Health officials here say the looming registration period has received secondary attention amid the heated debate over the merits of Obamacare between political partisans in Washington, D.C. A movement is afoot among some GOP Obamacare foes in the House and Senate to strip the initiative of funding during expected debate later this month over a continuing federal spending resolution. The aim is to strip the varied ACA provisions of funding and halt the initiative.
The GOP effort faces a sketchy future given Democratic control of the Senate and Obama’s certain opposition. But still, the heated political discourse seems to be the focus of any Obamacare discussion, creating an atmosphere of uncertainty for the health care overhaul.
“I just think that there’s so much rhetoric that people don’t know much about it,” Maas said.
As a result, people like Patricia Gremaux, who heads community outreach efforts for EGH, are getting ready for Oct. 1. Gremaux said two people will be trained in her office to assist the public in signing up for coverage via the Obamacare health exchanges. Maas said EGH and Memorial Hospital in South Bend between them will have 30 employees capable of assisting in all, systemwide.
Informing the public about the health insurance exchanges will be one prong of efforts, according to Gremaux. Providing one-on-one guidance in the application process, perhaps through workshops, will likely be another.
A federal website has been created to help those without insurance sign up for care via the exchanges, www.healthcare.gov. The website will guide applicants through the application process, making sure they meet eligibility guidelines. It will also assist them in figuring out if they can tap federal subsidies or credits to help them cover the cost of insurance.
Picking a health insurance plan among a range of options can be daunting for someone who’s never done it, though — What’s the right deductible, the right co-pay? — and the EGH reps will aid in that process, too.
“There’s a lot of work ahead to educate the public,” said Indiana Hospital Association Vice President Brian Tabor, who offers measured support for Obamacare, glad about the new pool of people who will be able to access health insurance.

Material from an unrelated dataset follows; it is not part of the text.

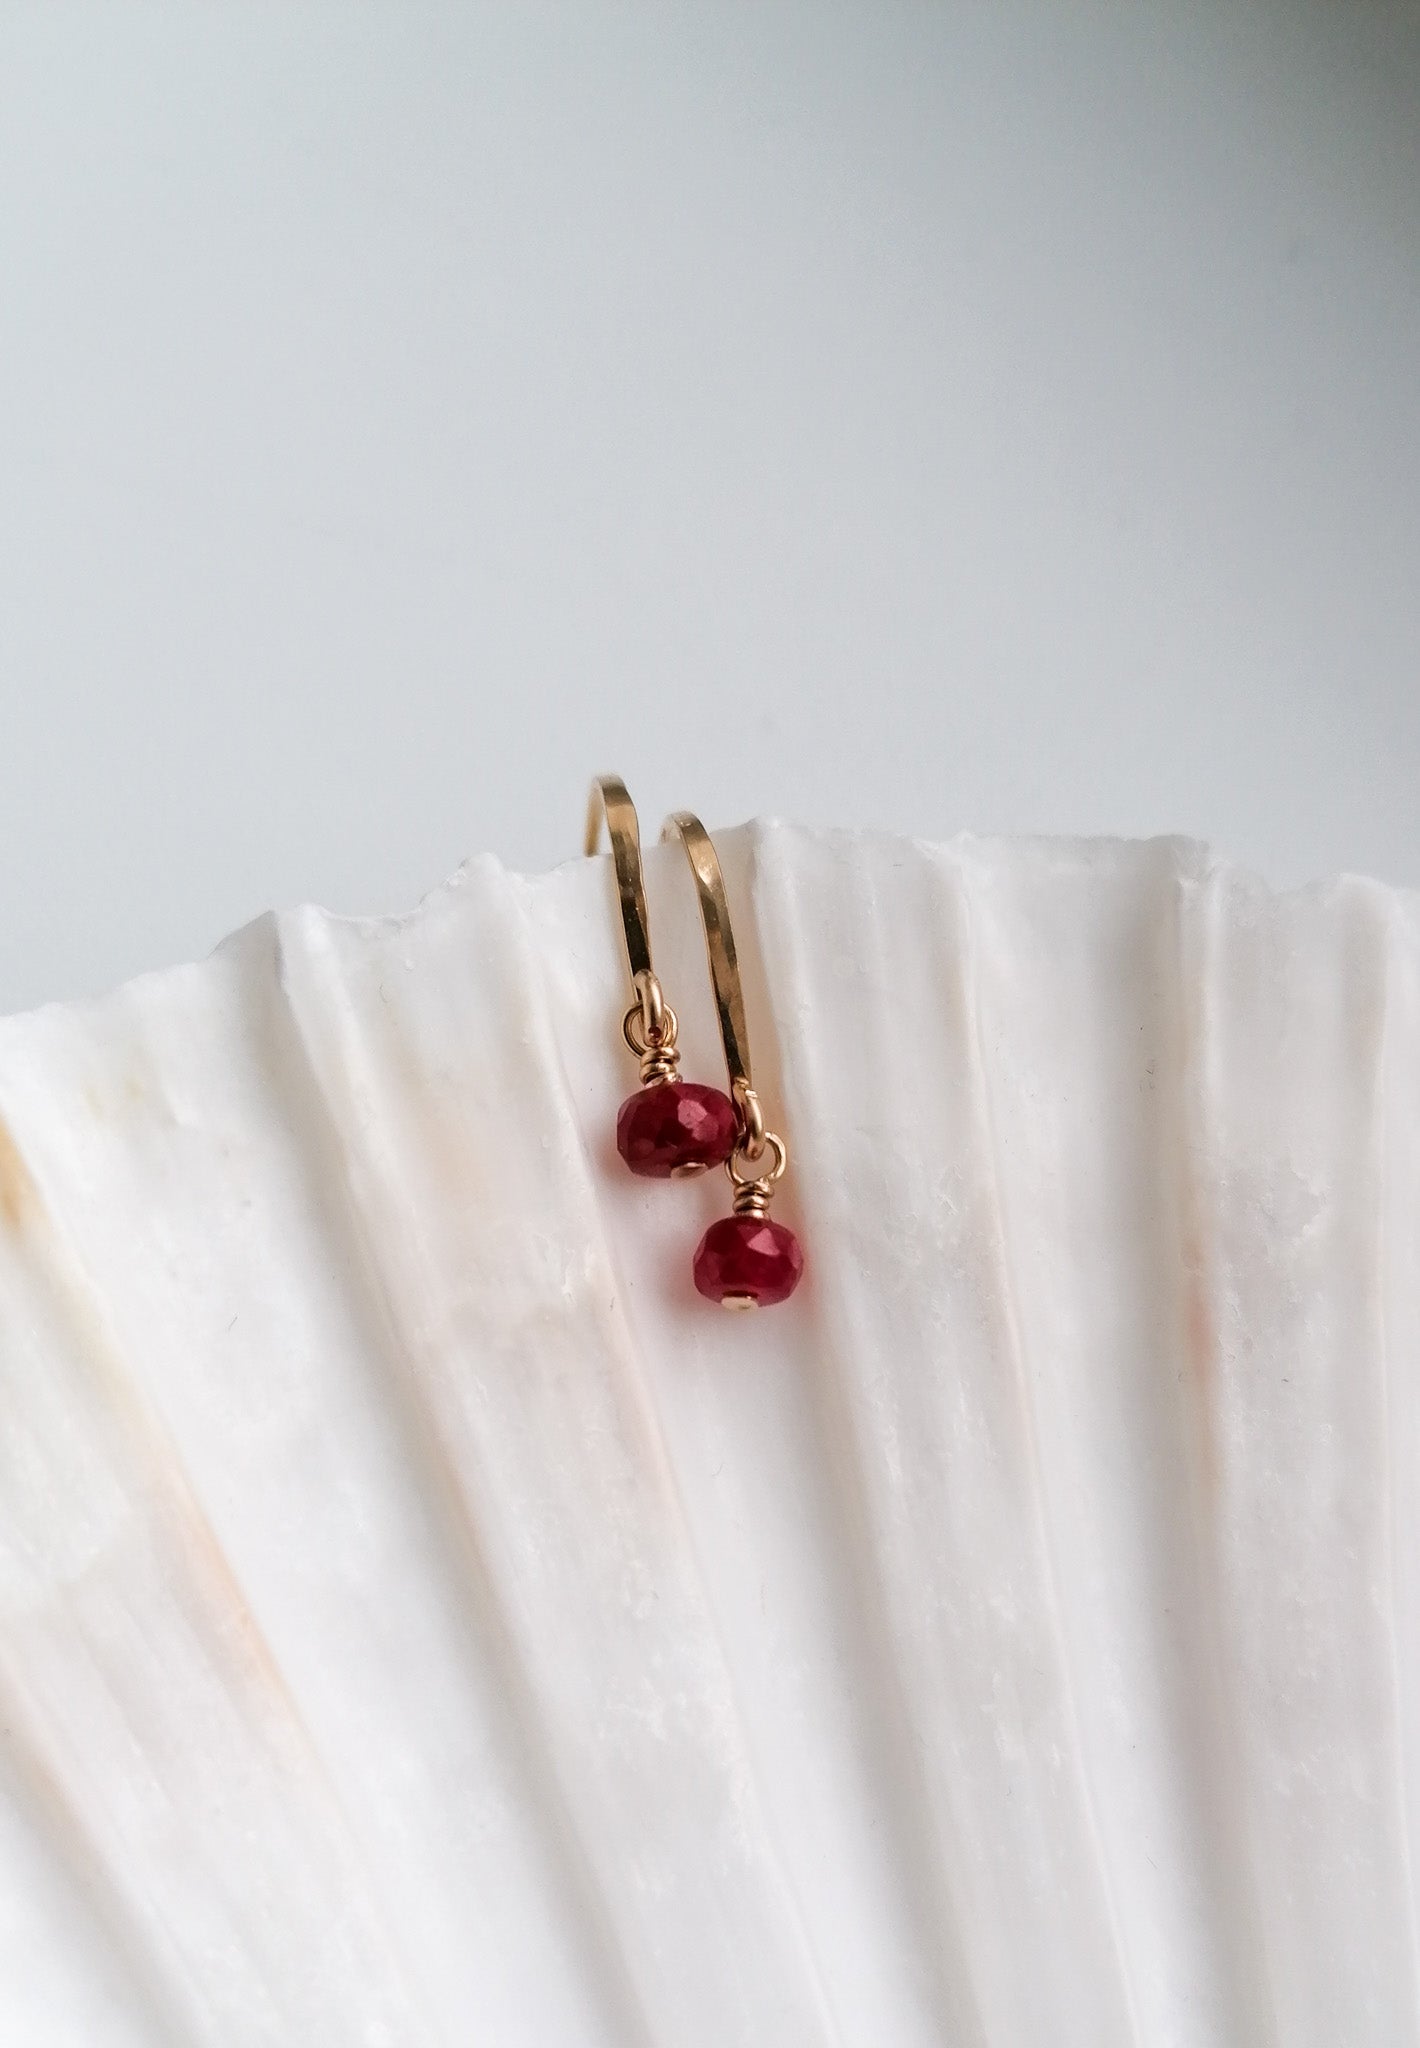 Ruby earrings - gold filled
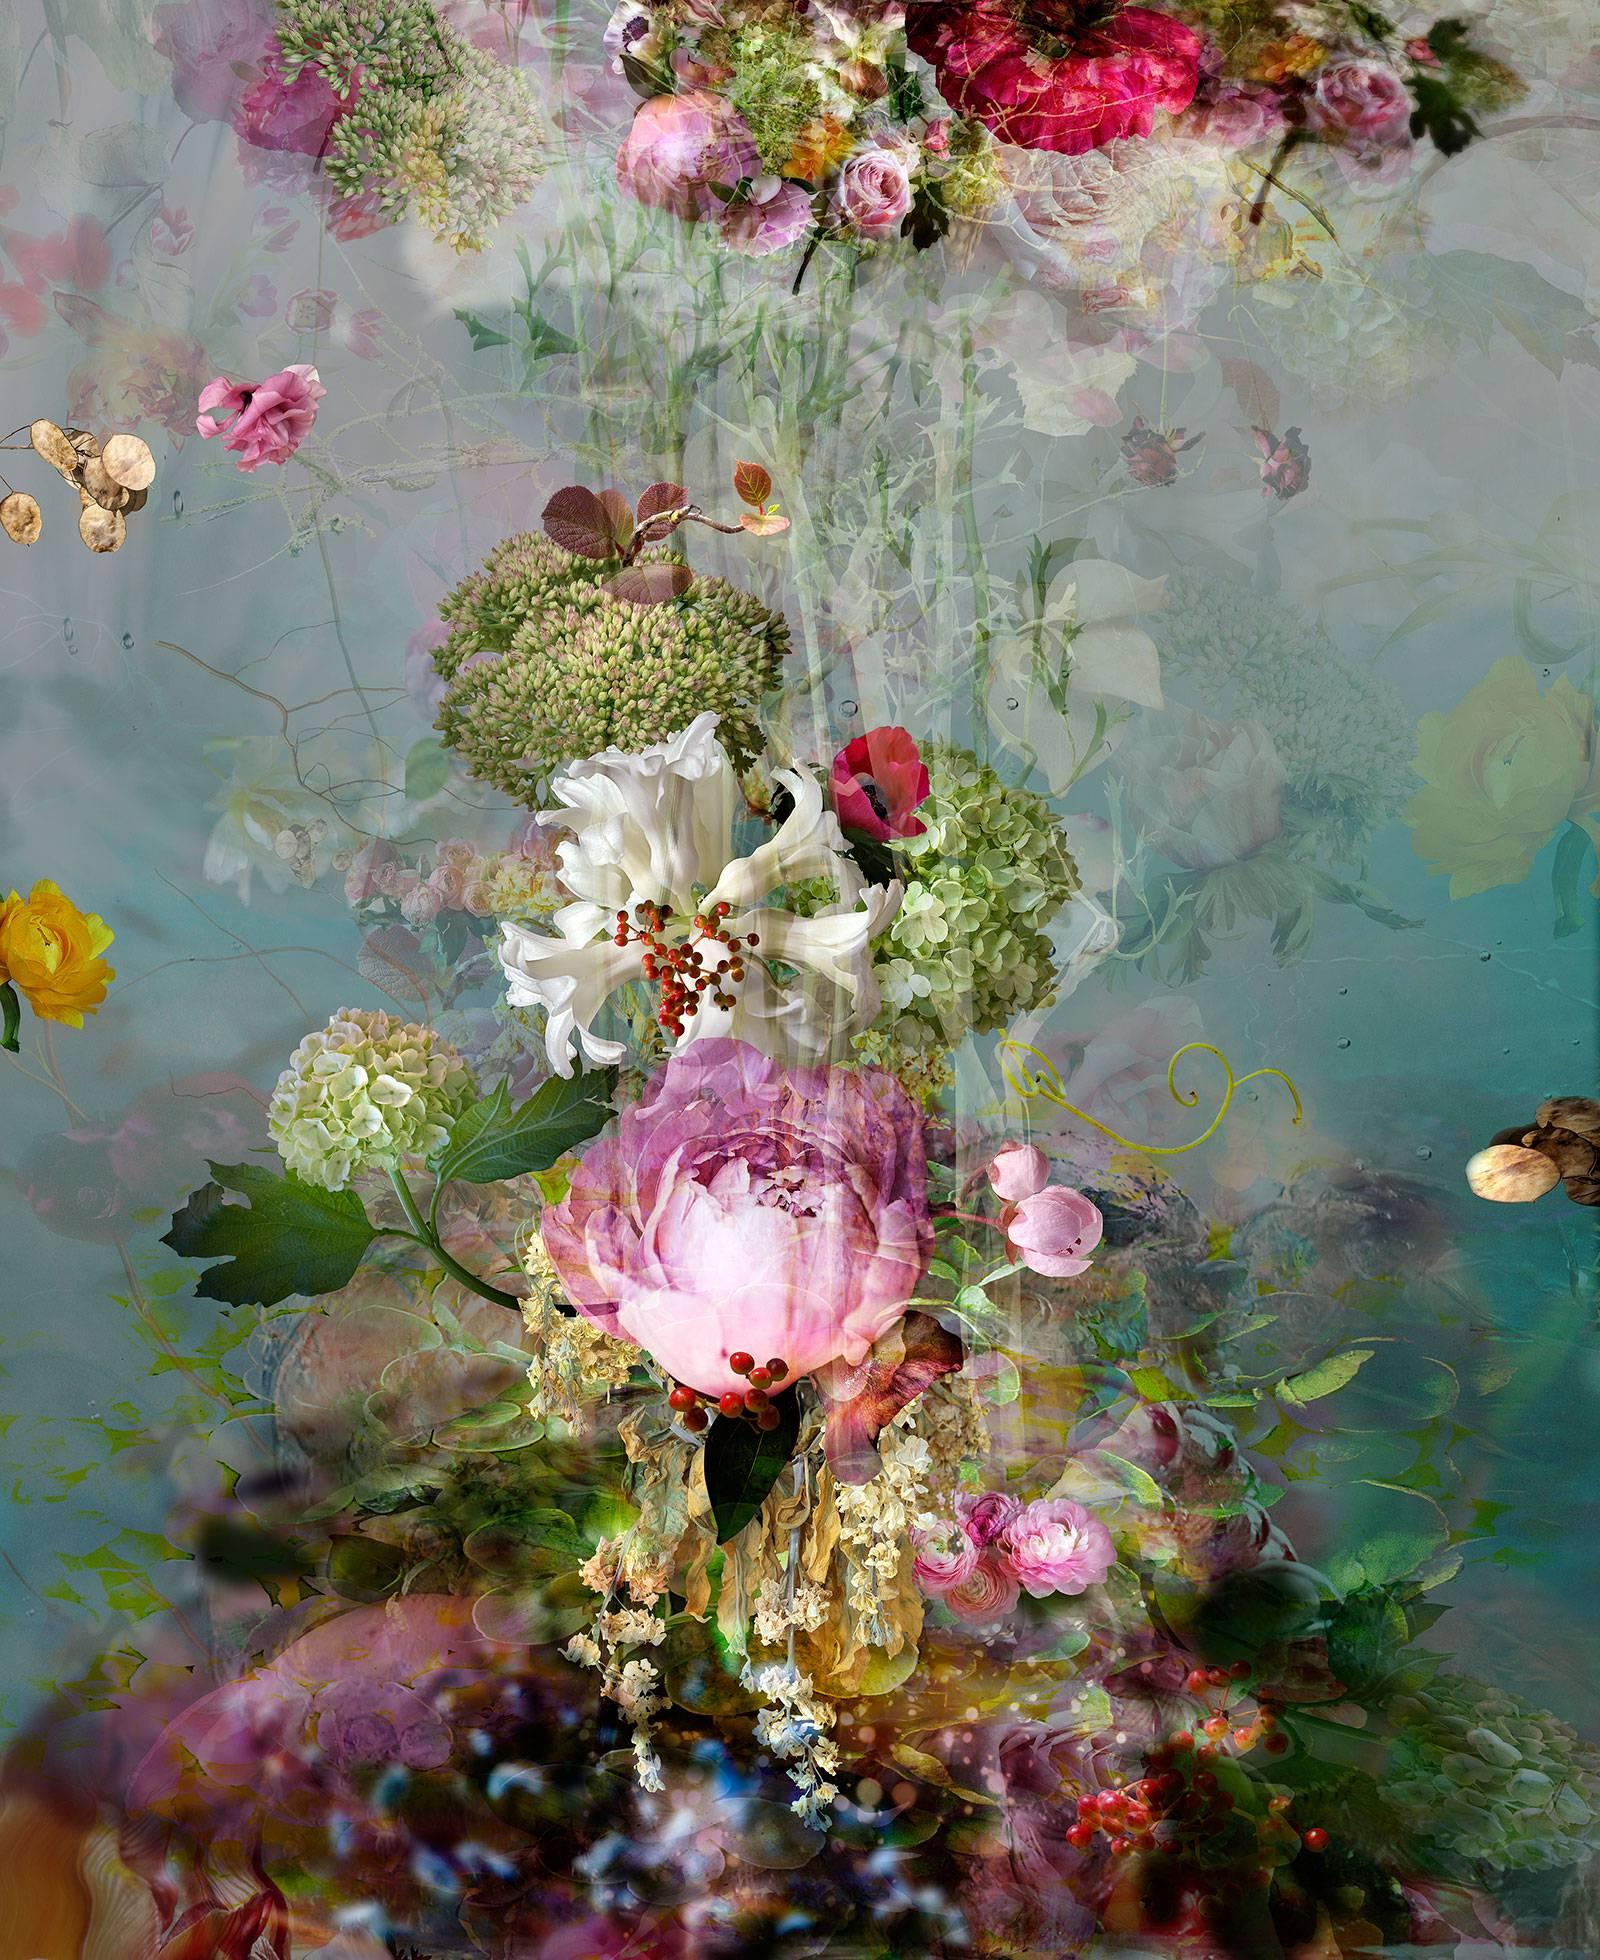 Isabelle Menin Still-Life Photograph – Sinking #3 - abstraktes Stillleben mit Blumen, zeitgenössische farbenfrohe Fotografie

Though EnrollAmerica.org puts the number of uninsured people under 65 in Elkhart County at 32,833, 19.7 percent of the population, not all will necessarily be able to access coverage through the insurance exchanges.
The lowest-earning segment, as envisioned under Obamacare, would access care through an accompanying expansion of the federal Medicaid system. But with details of any Medicaid expansion in Indiana still to be sorted out, it’s not clear how many more, if any, will be able to get care via the federal program and some may vie for coverage via the insurance exchanges.
Accordingly, Gremaux — who’s fielded questions from the public, not totally clear on what’s going on — isn’t sure what to expect come Oct. 1, when the enrollment period formally begins. The available insurance plans and their cost, notably, have yet to be unveiled.
“Are we going to open the doors and there’s going to be a flood (of people)? I don’t know,” she said.
More broadly, the continuing political discourse in Washington, D.C., raises additional question marks. Tabor indicated that many in health care are viewing the approach of Oct. 1 with a measure of trepidation, unsure exactly what to expect.
“There’s a lot of focus on October, a lot of questions if everything’s going to be ready on Oct. 1,” he said.